Thursday, October 29, 2015

"One by One"




This past weekend was the Midwest SIAFU Men’s Conference at Morning Star Ranch in Kansas. As I got settled there, a young man caught my attention and smiled at me. He said, “Do you remember me?” Of course I recognized his face, but I couldn’t place his name and remember where I had met him.  I thought that I probably knew him from my time ministering in the prison at Hutchinson. I found out his name was Tony and that he had just been released that Wednesday. He had spent nine years on the inside, and he had been out for three days and found himself at our men’s conference. Now 31, he had been incarcerated since he was 22.

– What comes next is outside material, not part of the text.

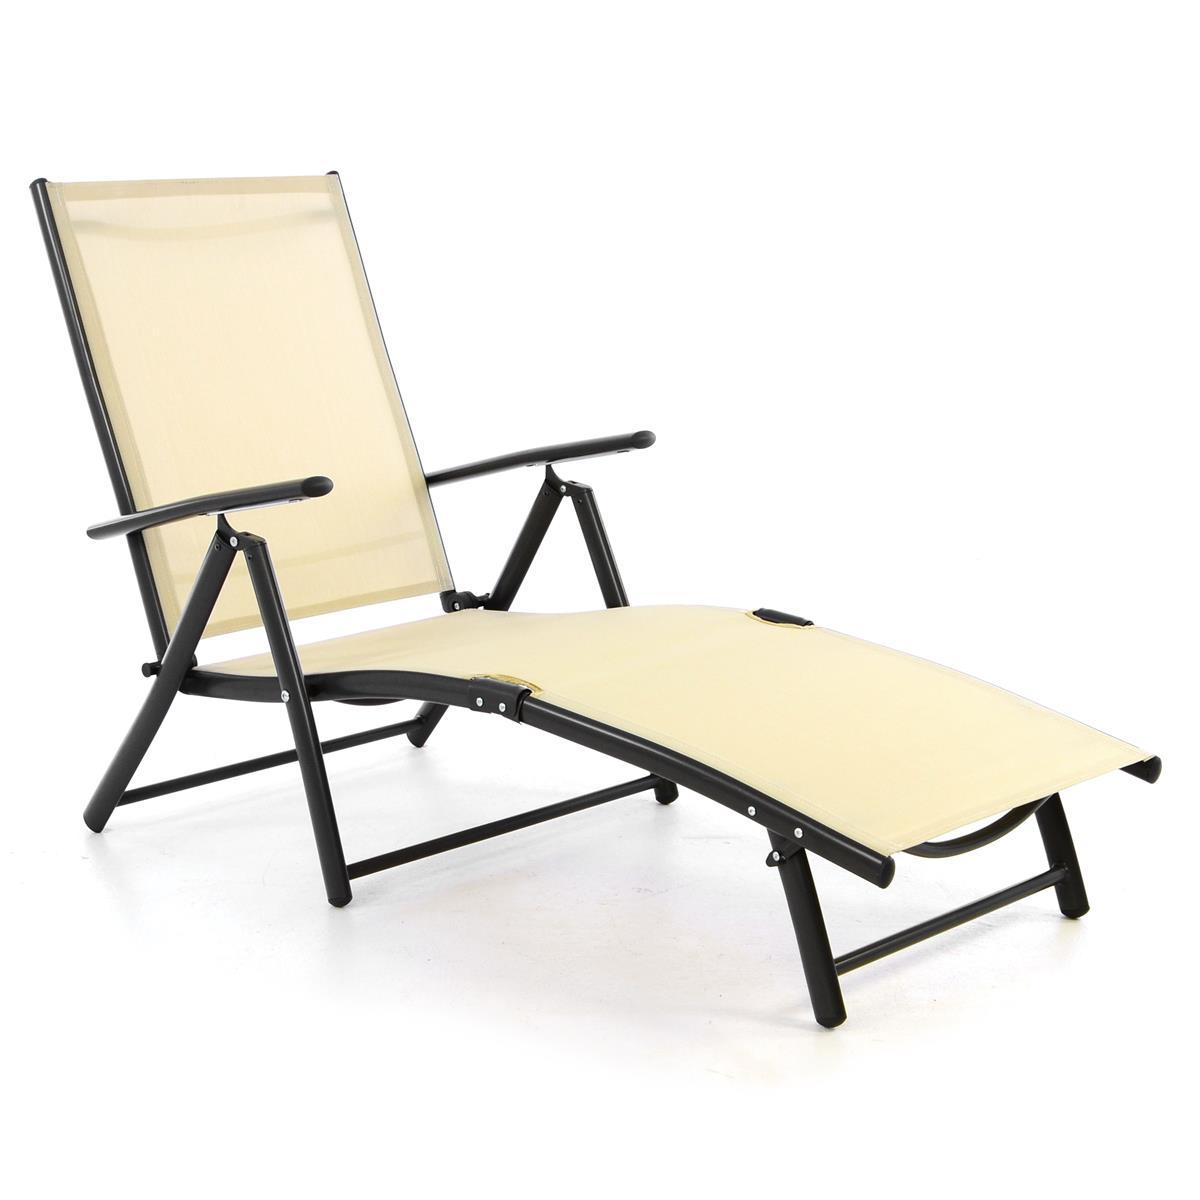 Gartenliege Sonnenliege Klappliege Strandliege Textilene creme Rahmen anthrazit

The rest of the conference we spent time getting to know each other better. We talked about life inside and then about adjusting to life on the outside. He told me that he wanted to grow to become an urban missionary like what I did. He wants to make a difference with guys on the streets. He had been at the revival we did in June (read about that here) and had also heard me teach a couple other times at the prison.

One of the personal burdens I feel for the guys I work with is that they may experience the love of the Father. So many of these men have deep wounds from male figures that are hard to heal from. Often they need a deep and profound encounter with the love of the Father that can provide healing from the past. So whenever I lead prayer and ministry times with guys, I normally include a time where we pray for them to encounter the love of the Father.  

On the last night of the conference, we closed with a worship, prayer, and testimony time; it’s a powerful time where they can get right with the Lord. As I was praying for this time, I felt the Father clearly say, “Lead them to me, and I will bring healing.”

As I got up in front of the guys, I felt especially burdened. I talked about how our father wounds can give us an orphan spirit. This is simply a feeling that we are alone and lost and without a dad. Even though we may be in Christ, we still feel lost and feel as though we are orphans. I invited the guys be open and to trust that God was going to move and that the love of the true Father would encounter them that night. I could sense the faith in the room grow as they nodded, hungry to experience this.

As we had a prayer time and ministered, there weren’t many dry eyes. The Spirit of God was tangibly moving throughout the room. We then had guys come forward who wanted more prayer. Tony came right up to me and we just hugged and prayed together. As the tears came, he kept saying how he doesn’t want to repeat the mistakes from the past. He has felt like a failure his whole life, but now desperately wants to change. My heart went out to him in a deep way. I sensed such tangible love from the Father for him.

That night after praying with him and so many others, I was overwhelmed with emotion. I thought about the millions in our cities who we are desperate for this encounter with the Father. But there is great hope. God is moving in our prisons and our ministry is providing opportunities for these guys to grow and become leaders. One by one, God is changing the lives.